Now , son, you got me laughin'.... Somebody asked me what it is like driving a '61 full size with a lowered stock suspension and I said, "It's like dancin' with a big gal. You're nudging her around, but she's doing most of the leading." So she's my Big Gal and I love her.
My kids call my car "the turd" - not sure if they mean male or female. But I can tell you, I can be heard calling it "you *****" or "you f----- ****" when I'm working on it so you decide !!!!
ALL women, because they all cost me money, made me cry, and broke my heart! Old effie is my number on gal, all the others get jealous when I spend money on her and not them.
My "Baby Blue" is a girl and my daily driven truck is DEFIANTLY Female Because On those cold winter mornings when I really need her she just won't turn over! .
My old 1 ton was named Edna after the song if anyone remembers it....whip me beat me call me edna. The truck was beat to death and just kept going. My present truck is 'Red' mainly because of the color and my wife named her Durango Dwayne because it 'dwaynes her pocket book at fillup time lol
A wise man on a different thread posted once that all his cars were female because you don't ride a guy you ride a chick. My cars are cars but every once in a while I have a weird urge to plop cat ears and wiskers on my rides and have the horn go "meow". Most of my cars are named after what color it is. Pretty gender neutral.

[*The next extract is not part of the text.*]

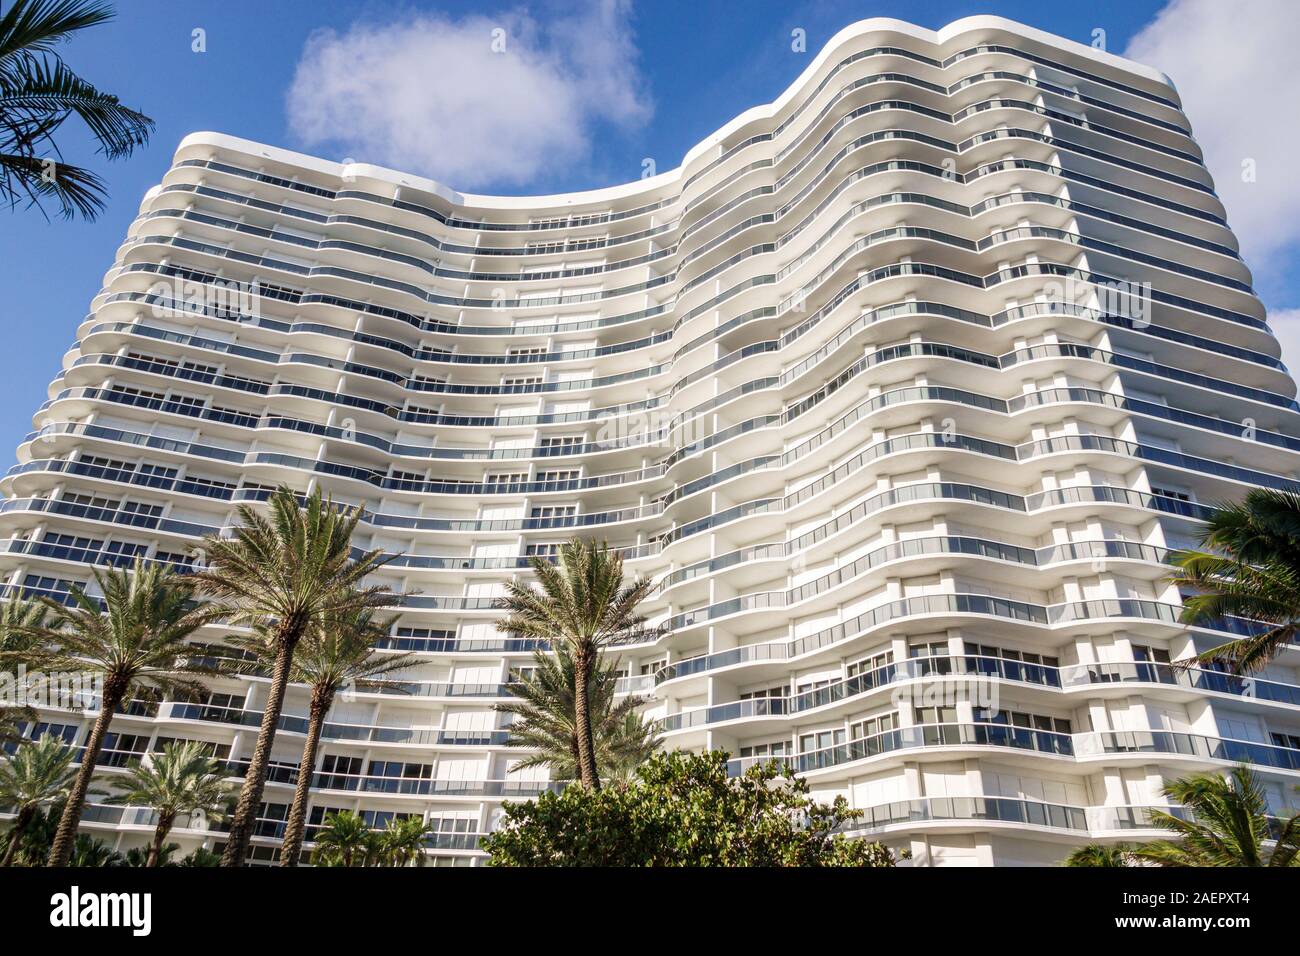 Miami Florida, Bal Harbour, Collins Avenue, Majestic Towers, condominio, alto, immobile residenziale, esterno dell'edificio, persiane uragano, balconi, Foto Stock

phartman, Now you got me thinkin?? What will happen if I jump from my 61 right into the 40 coupe(when its done) Hell...I may need a condom. I can agree with you, she's a smooth driver...Just look at that big ****. Murph
My car's nickname is, "BUC," which stands for, "Big Ugly Car." I gave my car a male nickname as a joke so that my wife wouldn't get jealous when I spent time working on it. The funniest part is that it actually seems to be working.